ADK tracks which agent is currently executing in the session's invocation context, but it does not maintain a transfer history spanning the full current delegation chain. It cannot see that the current invocation of Agent A is a re-entry from Agent C, which was itself delegated by Agent B, which was delegated by Agent A three hops ago. The model driving Agent A has no awareness that it's running inside a cycle; it sees only its own session context. Detection signal: before any agent begins executing, check whether that agent's name is already present in the active delegation chain for the current session invocation. An agent that appears a second time in the chain is cycling — not running a second legitimate session, but re-entering mid-execution of the same delegation tree. Trip at the first re-entry.
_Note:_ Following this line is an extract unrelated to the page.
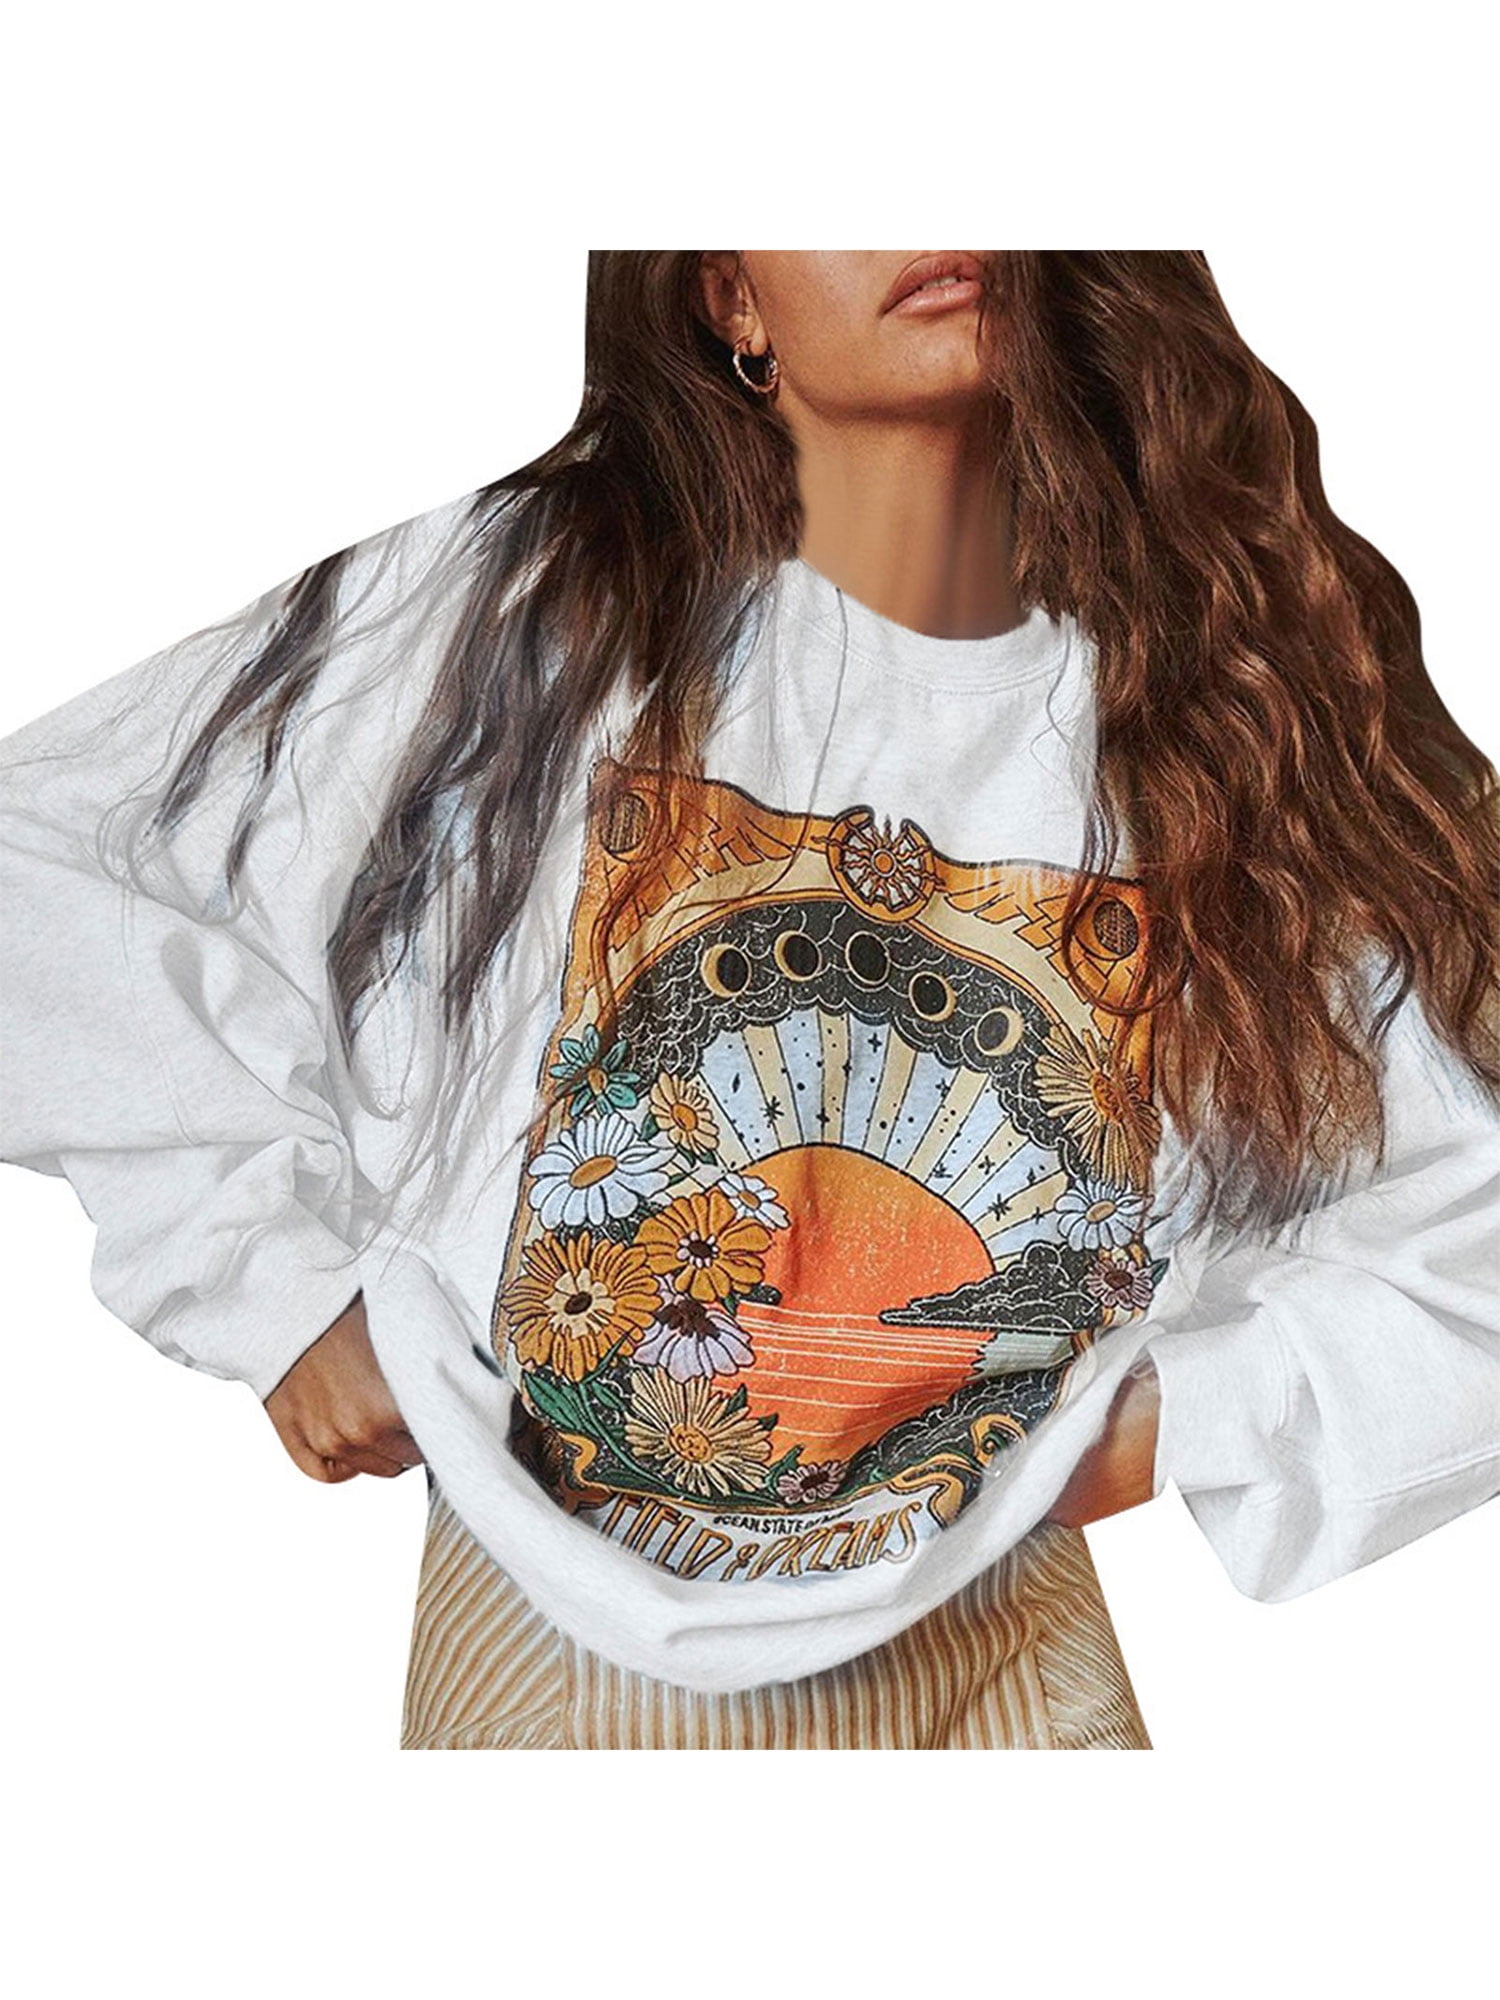 Oversized Sweatshirts for Women Vintage Moon Sun Graphics Print Pullover Long Sleeve Crewnevk Blouse

3. Session event log inflation: O(N²) token cost from accumulated history
ADK's session model stores every event — model invocation input, model response, tool call arguments, tool result — as an Event object in the session. This is the mechanism that gives ADK agents memory within a session. The cost implication: the context window for turn N includes all events from turns 1 through N−1. If the average event pair (model call + response) is 600 tokens, turn 10 carries roughly 5,400 tokens of prior context on top of the current turn's own content. Turn 20 carries 11,400 tokens. The total token spend across a 20-turn session is not 20 × 600 = 12,000 tokens; it grows quadratically as each new turn re-includes all prior turns in the context.
Detection signal: the token count of recent model invocations is growing faster than the early-session baseline. If the first five events average 800 tokens each and the most recent five events average 2,400 tokens each (a 3× ratio), session history inflation is the dominant cost driver. This growth will continue — turn 25 will cost more than turn 20, which cost more than turn 15. The circuit breaker's job is to alert and optionally trip before the session reaches the long tail of high-cost turns where accumulated history dominates per-turn spend. Unlike max_iterations, the inflation detector fires in proportion to cost growth, not raw turn count.
4. ParallelAgent over-spawn: concurrent LLM calls that multiply unexpectedly
ADK's ParallelAgent runs all of its sub_agents simultaneously and merges their results. This is intentional and efficient for workloads that parallelize cleanly. The failure mode emerges in dynamic pipelines where the number of ParallelAgent sub-agents is determined at runtime from tool output. An orchestrating LlmAgent calls an index-lookup tool that returns a list of items to process in parallel. It constructs a ParallelAgent with one sub-agent per item. When the index works normally it returns 5–8 items. When the index has a bug — an off-by-one in a pagination cursor, a filter that fails open instead of closed — it returns 400 items. The orchestrator constructs a ParallelAgent with 400 concurrent sub-agents, each making an independent Gemini API call. No individual call is harmful, so safety filters pass. No ADK session mechanism detects the over-spawn. The bill for 400 simultaneous model calls lands before any monitoring fires.
Detection signal: the count of concurrently active LlmAgent invocations in the current session exceeds a configurable limit. Track concurrent invocations via before_agent_callback (increment) and after_agent_callback (decrement). Trip if the active count exceeds max_concurrent_agents. In a production pipeline that normally spawns 5–10 parallel agents, a limit of 20–30 provides headroom for legitimate peaks while catching index-returns-400-items anomalies before they translate into 400 simultaneous API calls.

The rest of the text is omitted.